Martin describes a particular incident of displaying his condition during the process of job application:
... there was an agency there that wanted to know all my details, ‘cos they said: ‘Oh this is brilliant, you are the sort of person that needs to work for us. This is great you are doing this and so give us all your details’. So I gave them all my details, and then they needed my doctors’ records for me to work for them. So then I mentioned my bi-polar and they said they will be contacting me in the evening, and then nothing happened. I sent them two or three emails and they haven’t even replied...
The reading of Martin’s quote suggests that displaying information about his MHC clashes with the sellable self. Martin did not get the job. He felt disappointed. Although he was honest with the employer about his MHC disclosing his condition may have made him appear unsellable and jeopardized his employability. Martin’s account illustrates how in order to maintain the sellable semblance and increase his chances to gain employment he decided to conceal his MHC when the next interview came along. He says:
... I joined a few agencies. I did actually ask their advice on whether to disclose that I have an illness or not and they said that by law I didn’t actually have to disclose...
He did not reveal his MHC and got the job for the bank. He says:
... I think it’s not good for me to say what’s wrong with me ‘cos then you are vulnerable, they can play on the fact that you are not well sometimes... because I am actually a temporary worker I don’t feel as if I can... they can just say: ‘OK if you don’t want to do this job then go back to the agency’. I am stuck really [...] I do want to work, but I know that there is prejudice there and stigma. So I feel as if I have got to be normal all the time: I can’t let myself get ill and off course ‘cos I work for an agency you don’t get sick pay so if I did mention it to them... I will end up with no support...

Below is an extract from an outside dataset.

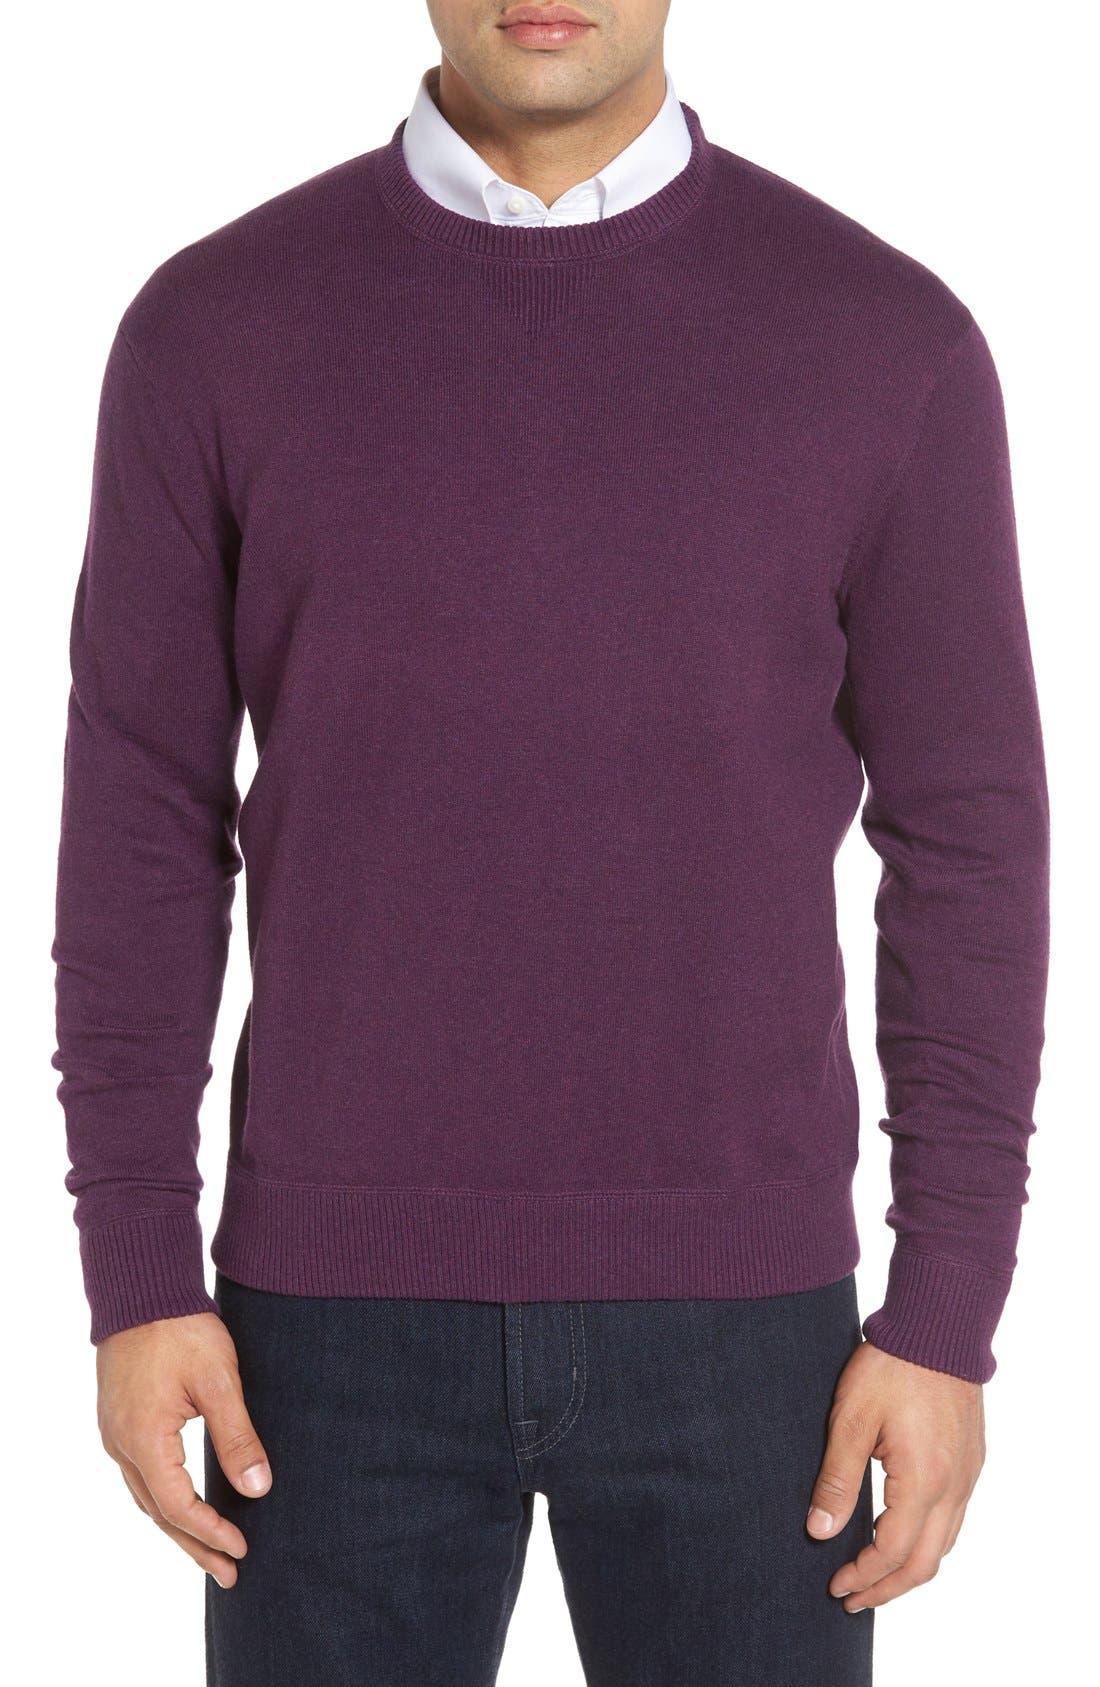 'Jersey Sport' Cotton Blend Crewneck Sweater,                             Main thumbnail 6, color,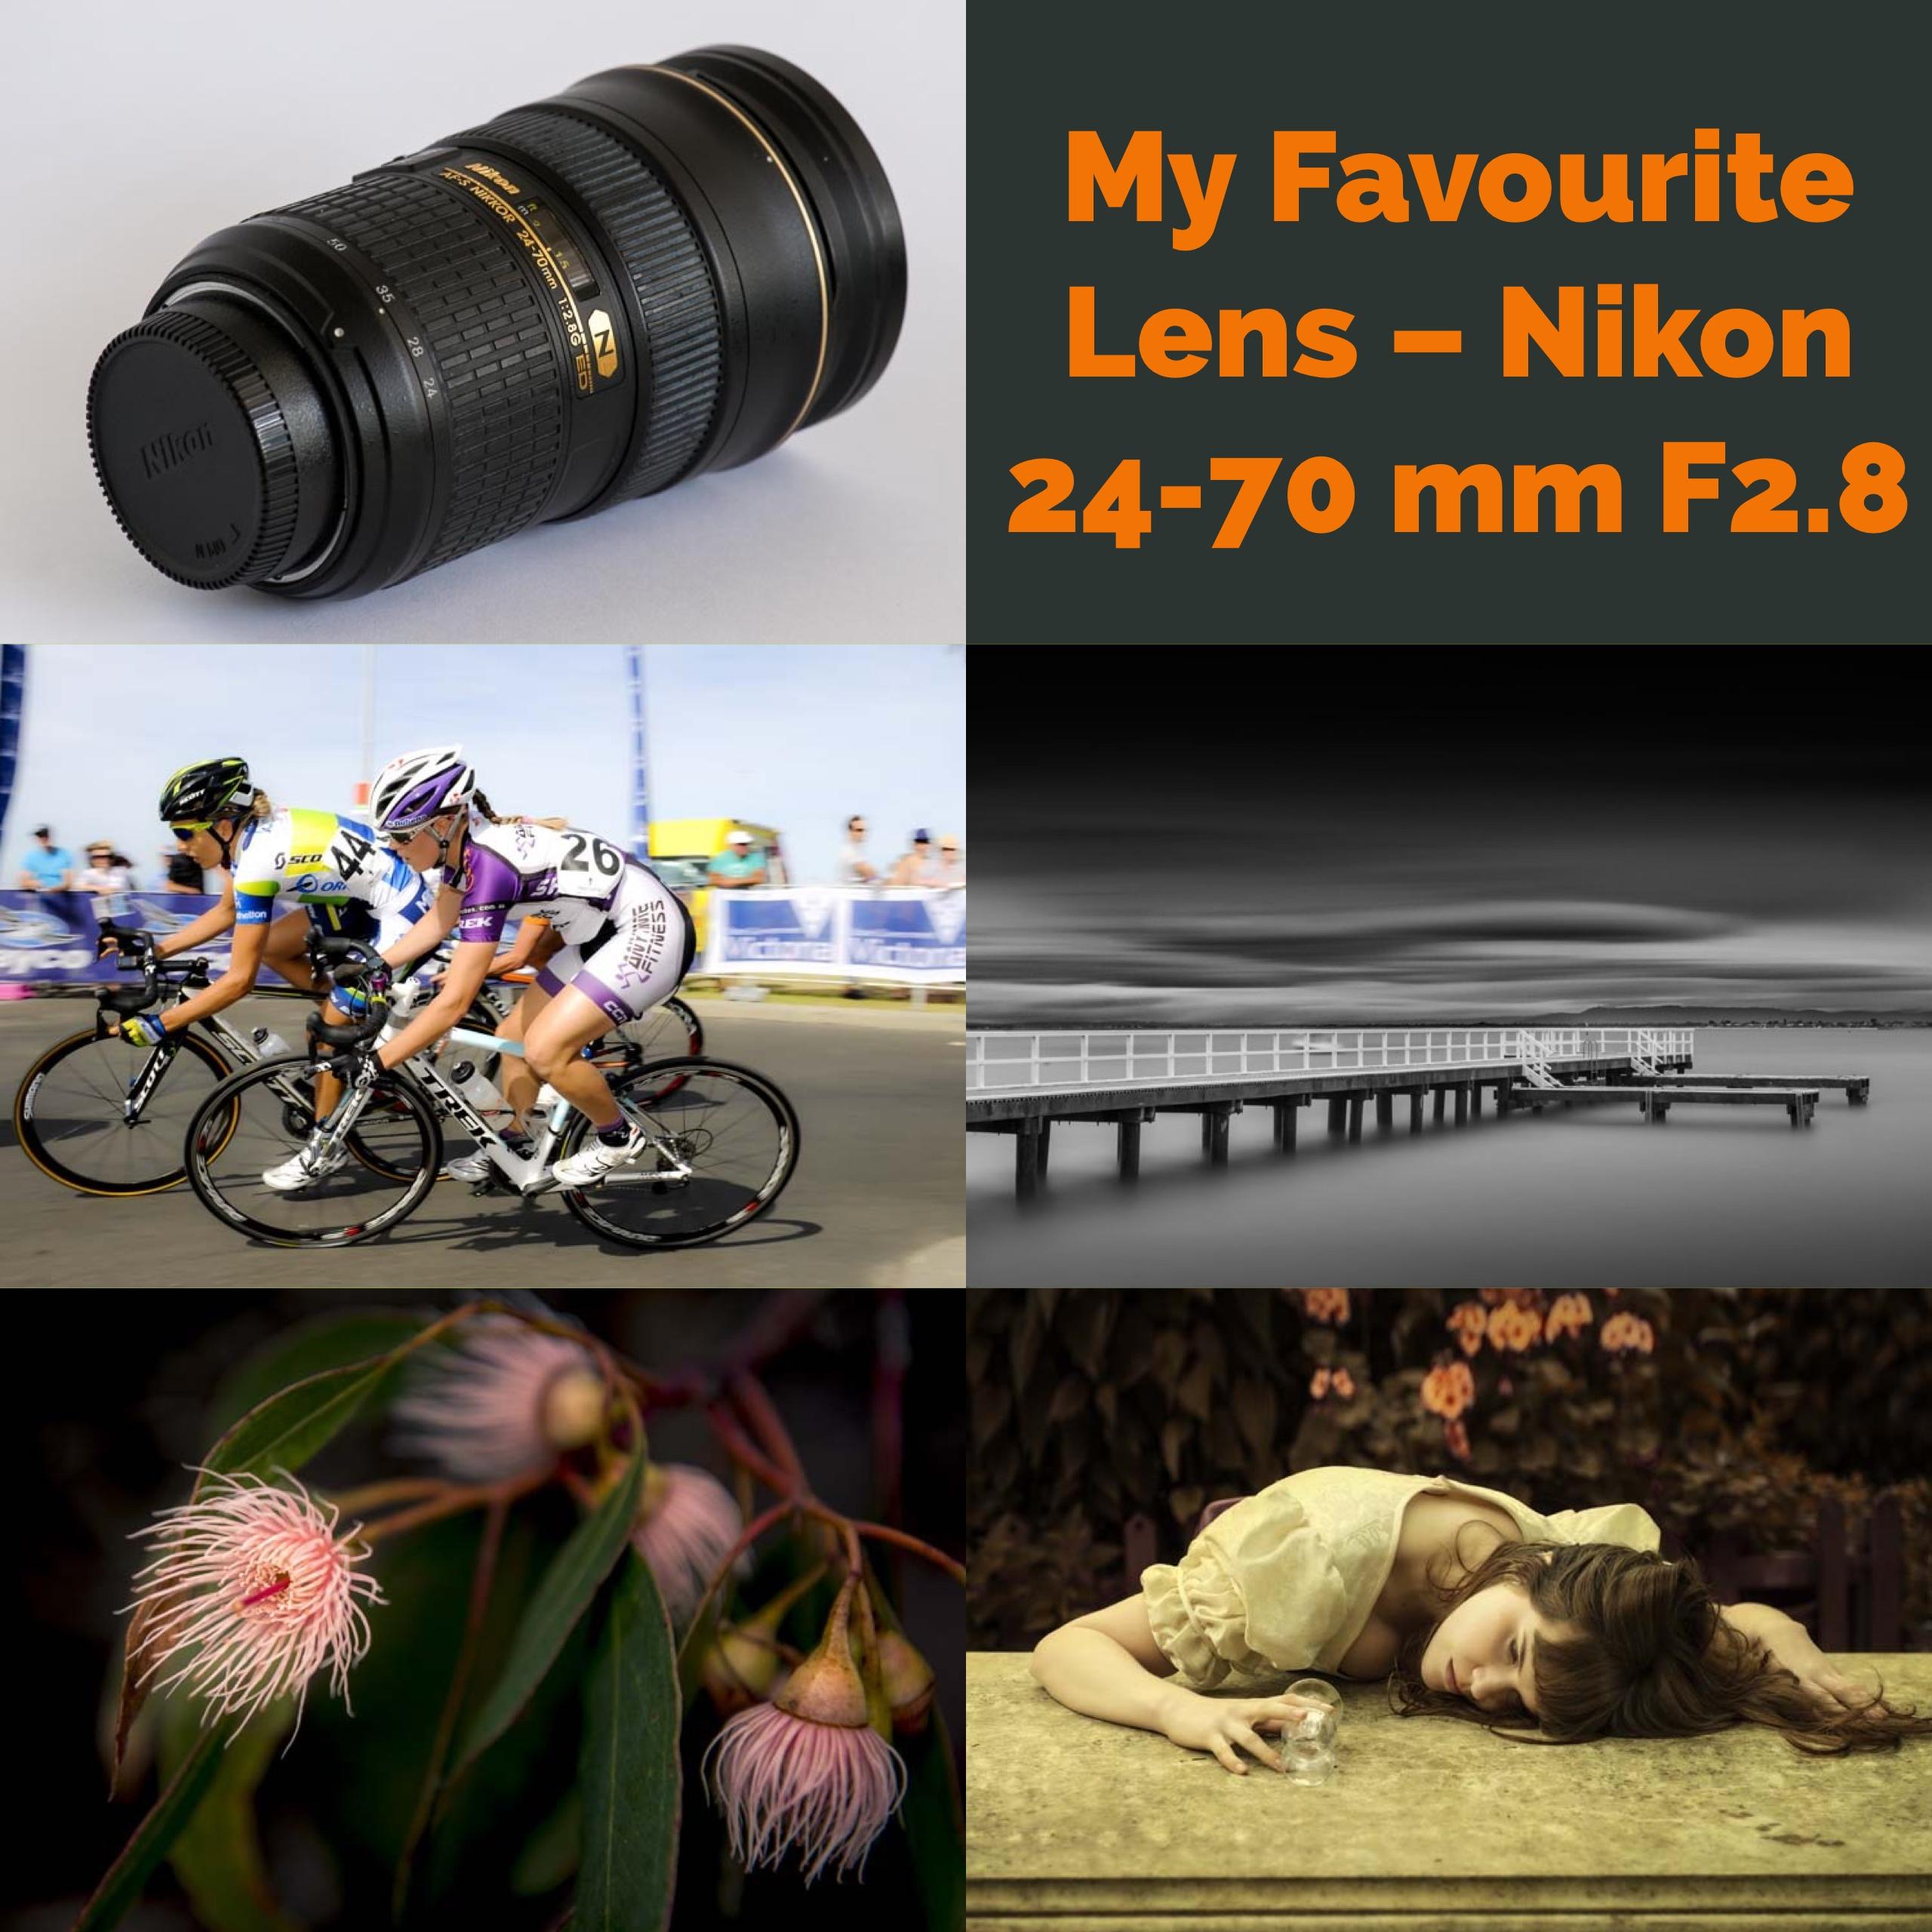 Writer's Favourite Lens – Nikon 24-70 mm F2.8

The reading of Martin’s interview text highlights how the constraints to maintain a sellable semblance are intensified in light of the job insecurities that characterize so many contemporary workplaces (Sennett, 2006). His account illustrates how being sellable is not necessarily something that is connected to the ability to do the job, but nonetheless has implications for one’s employability, both during the job search and while being at work. Martin feels that revealing information about his illness would jeopardize his position as an agency worker; which is something that could make his sellable semblance ‘unsellable’. His account exemplifies the daily struggle entailed within the maintenance of the sellable semblance: Martin battles through with the management of his condition on his own, with no support from the workplace. However, the vulnerable work as an agency worker appears as adding more constraints to his work situation. In order to maintain the sellable image and not to jeopardize his employability, Martin continues to conceal the information about his health. His struggle however, to maintain the sellable semblance entails many costs:
... I happened to work [whilst] unwell in the past... Sometimes I arrive at work and the anxiety will cause me to be sweating. But I have to [work] ‘cos I have to earn some money. It’s not very nice. I try things with my diet and exercise and control getting as calm as possible before I get there and then, when it’s over I feel quite relieved. It’s quite tiring I suppose... I feel the stress getting to me. It hasn’t actually triggered my condition as far as I know. But I can see why it may be a problem in the future [...] I dread each day and arrive at work in pools of sweat but I'm hanging on in there [...] I tend to hide the fact that I am down so I try to do what I have got to do and hope they don’t notice... I suppose the problem is still going to be there whatever job I have, and unfortunately they have given me a job which may be a trigger so [laughter] only time will tell.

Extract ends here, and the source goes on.